A Mighty Heart * * * 1/2
Directed by Michael Winterbottom
Angelia Jolie, Dan Futterman
It is remarkable how much tension director Michael Winterbottom delivers in A Mighty Heart, an economical, 100-minute picture with a foregone conclusion. Based on the novel by Mariane Pearl, wife of slain American journalist Daniel Pearl, and starring Angelina Jolie in a commanding performance, the film traces the frantic search for the missing American with breakneck speed and docu-style urgency, marching toward its tragic denouement. And the investigation reveals a tangle of political, religious and personal politics.
Set in 1992 Karachi, Pakistan, Winterbottom wastes no time with the abduction as Wall Street Journal reporter Daniel Pearl (Dan Futterman) sets out to conduct a fateful interview with an extremist Islamic leader that will lead to his kidnapping and murder—a fact not discovered until nearly a month later when his beheading was revealed on videotape. During this span of time, both American and Pakistani teams of law enforcement and journalists swept through the country’s labyrinthine, radical underground terror factions, pursuing each potential culprit from cryptic, out-of-the-woodwork leads.
Winterbottom fashions this investigation with an echo of Costa Gavras (think Missing) and as a fitting companion piece to Paul Greengrass’ galvanic United 93, shot by his regular cinematographer, Marcel Zyskind, with handheld immediacy, in observant, close-up shots of pregnant Mariane, also a journalist, played by Jolie with a cerebral optimism that keeps the investigation moving and its dangerous implications at arm’s length, even as the odds become increasingly unlikely that Pearl will return.
The streamlined script, written by John Orloff from Mariane Pearl’s account, sets the majority of the investigation inside the confines of the Pearl home, transformed into an investigative ground zero as Mariane charts a conspiratorial web of suspects as days tick by, ransom notes and photos emerge and a stateside media frenzy erupts.
In two minor roles, there standouts who nearly match Jolie’s conviction.
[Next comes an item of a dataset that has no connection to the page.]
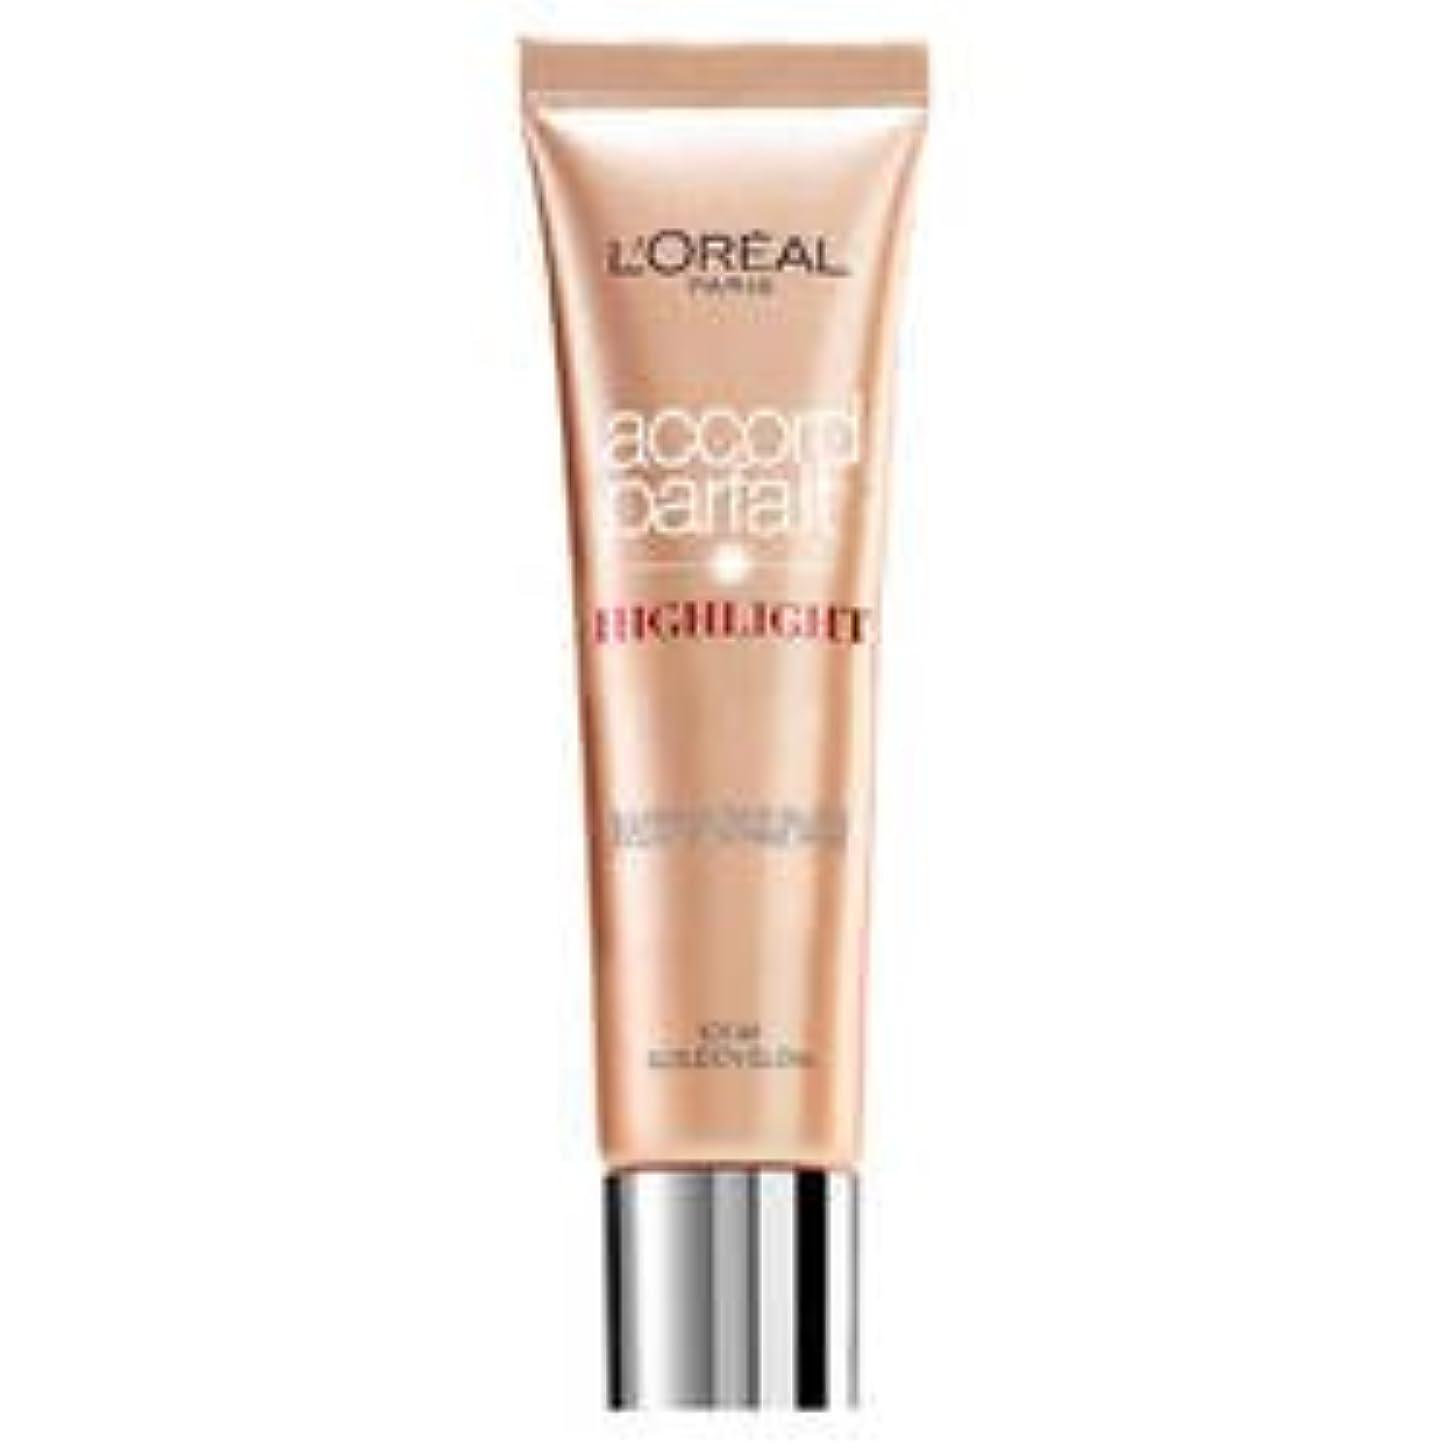 概してトラフィックローンL 'Oréal Paris - ACCORD PARFAIT Highlight Enlumineur Liquide - 101 Dore
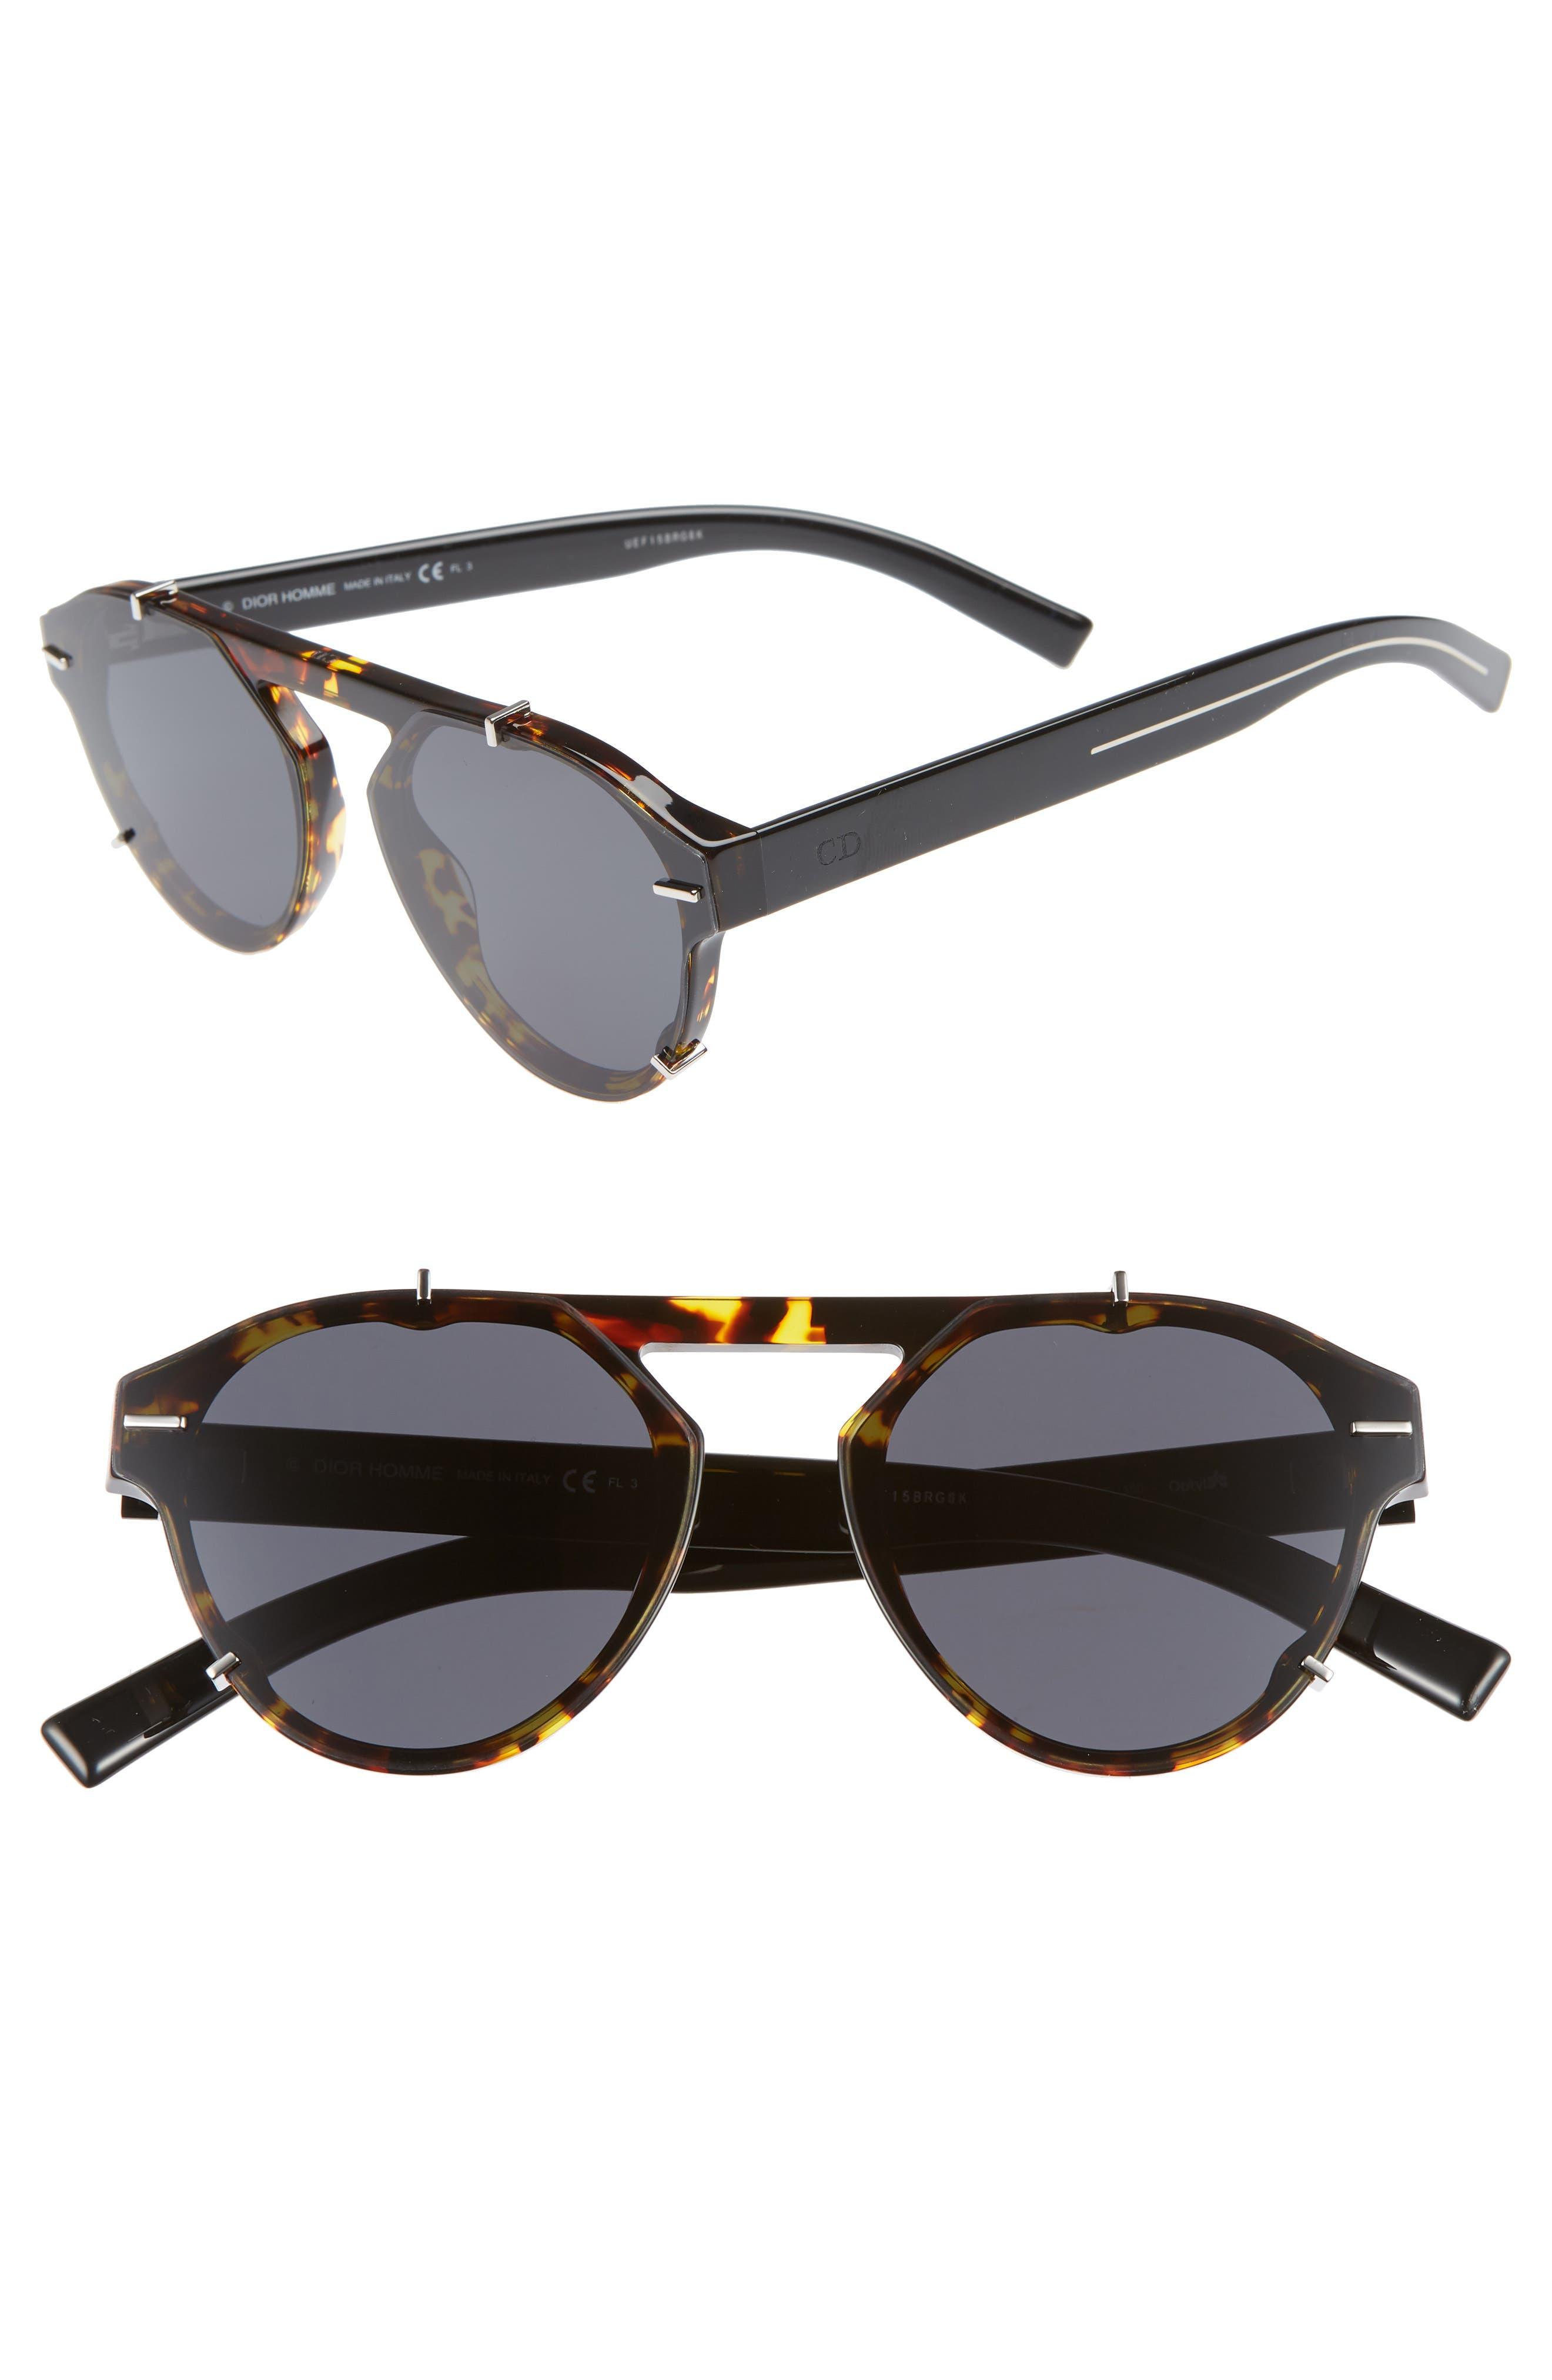 7afada3d64f3 Men s Dior Sunglasses   Eyeglasses

As sensitive friend and fellow journalist Asra Nomani, Archie Punjabi is rock-solid in her scenes with Mariane, although she always seems to be aware that the worst has yet to come. And on the heels of his equally powerful performance in Mira Nair’s The Namesake, Irfan Khan mixes compassion for Mariane with a hard charging determination to weed out the abductors.
Jolie bears a striking resemblance to her real-life counterpart, hair in tightly-curled rings and eyes shaded deeply brown. And while the film was produced by Jolie’s life partner Brad Pitt, the actress was Mariane Pearl’s first choice to play her. It’s easy to see why, given Jolie’s unflagging maternal and philanthropic globetrotting. Jolie does her immense justice. For most of the film, her Mariane Pearl is a model of composure and focus, collecting information bit by bit, coming to a series of unfortunate conclusions. Even near the picture’s close, as she hosts a dinner party for those involved in finding the truth about Pearl’s demise, she avoids the impulse toward sentiment.
Yet in the movie’s most powerful yet simple scene, she lets out a caterwaul of grief, howling in agony after finally discovering what really happened. Winterbottom wisely stepping back and letting the actress do the heavy lifting, collapsing while a still camera silently watches the prolonged release. It is here that A Mighty Heart, which previously played as an engrossing suspense procedural, becomes a romantic tragedy more about the death of love than the death of a journalist.